Dinomaly: The Less Is More Philosophy in Multi-Class Unsupervised Anomaly Detection
Jia Guo, Shuai Lu, Weihang Zhang, Fang Chen, Huiqi Li, Hongen Liao
TL;DR
Dinomaly tackles multi-class unsupervised anomaly detection by proposing a minimalistic, transformer-only framework built from Foundation Transformers, a Noisy Bottleneck, Linear Attention, and Loose Reconstruction. By leveraging a pretrained ViT encoder and an 8-layer decoder, it reconstructs mid-level features and detects anomalies via encoder–decoder discrepancies, with a dropout-based noise injection and relaxed reconstruction constraints to avoid identity mapping. Across MVTec-AD, VisA, and Real-IAD, Dinomaly achieves state-of-the-art MUAD performance and scales effectively with model size and input resolution, while maintaining competitiveness with class-separated models. This work demonstrates that a simple, universal transformer-based approach can close much of the gap between MUAD and specialized per-class models, offering practical scalability and broad applicability in real-world anomaly detection tasks.
Abstract
Recent studies highlighted a practical setting of unsupervised anomaly detection (UAD) that builds a unified model for multi-class images. Despite various advancements addressing this challenging task, the detection performance under the multi-class setting still lags far behind state-of-the-art class-separated models. Our research aims to bridge this substantial performance gap. In this paper, we introduce a minimalistic reconstruction-based anomaly detection framework, namely Dinomaly, which leverages pure Transformer architectures without relying on complex designs, additional modules, or specialized tricks. Given this powerful framework consisted of only Attentions and MLPs, we found four simple components that are essential to multi-class anomaly detection: (1) Foundation Transformers that extracts universal and discriminative features, (2) Noisy Bottleneck where pre-existing Dropouts do all the noise injection tricks, (3) Linear Attention that naturally cannot focus, and (4) Loose Reconstruction that does not force layer-to-layer and point-by-point reconstruction.

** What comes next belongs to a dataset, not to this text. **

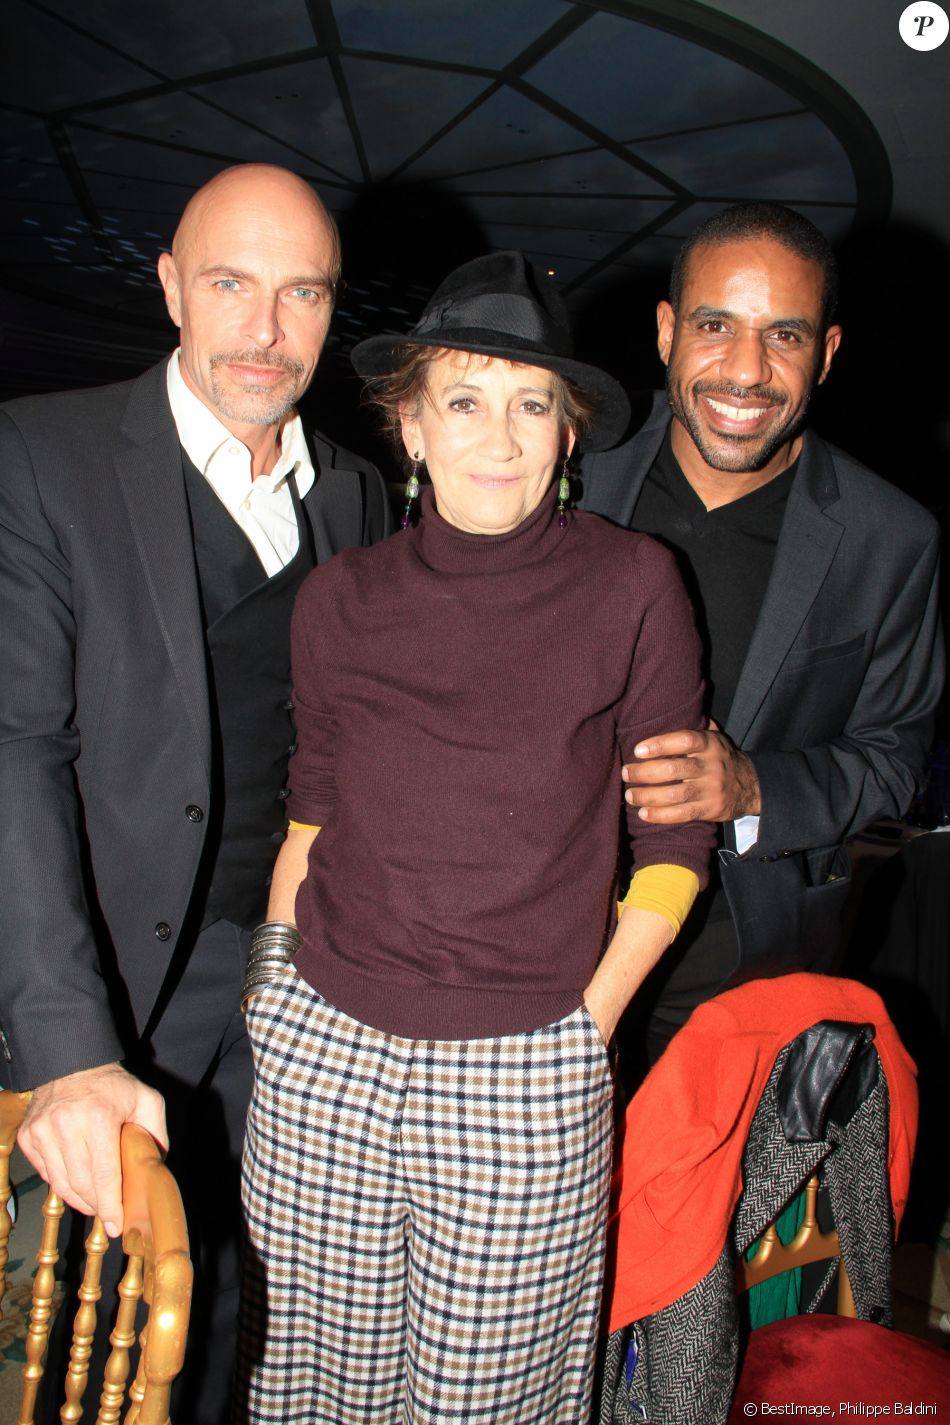 Guy Amram, Caroline Loeb, Loup-Denis Elion - L'association ...
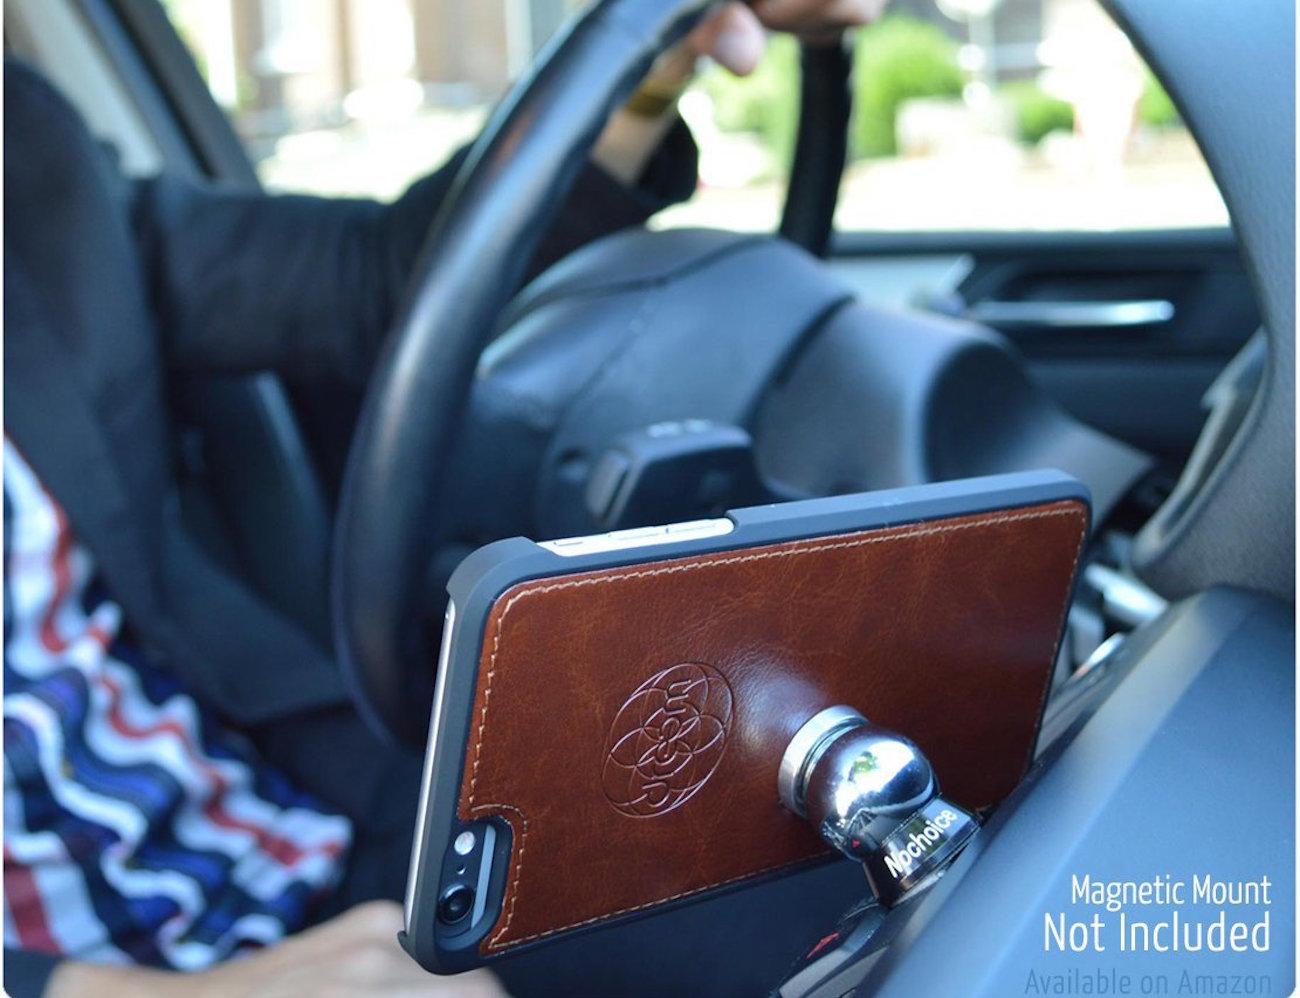 dreem-fibonacci-iphone-wallet-and-stand-case-02

Extensive experiments are conducted across popular anomaly detection benchmarks including MVTec-AD, VisA, and Real-IAD. Our proposed Dinomaly achieves impressive image-level AUROC of 99.6%, 98.7%, and 89.3% on the three datasets respectively, which is not only superior to state-of-the-art multi-class UAD methods, but also achieves the most advanced class-separated UAD records.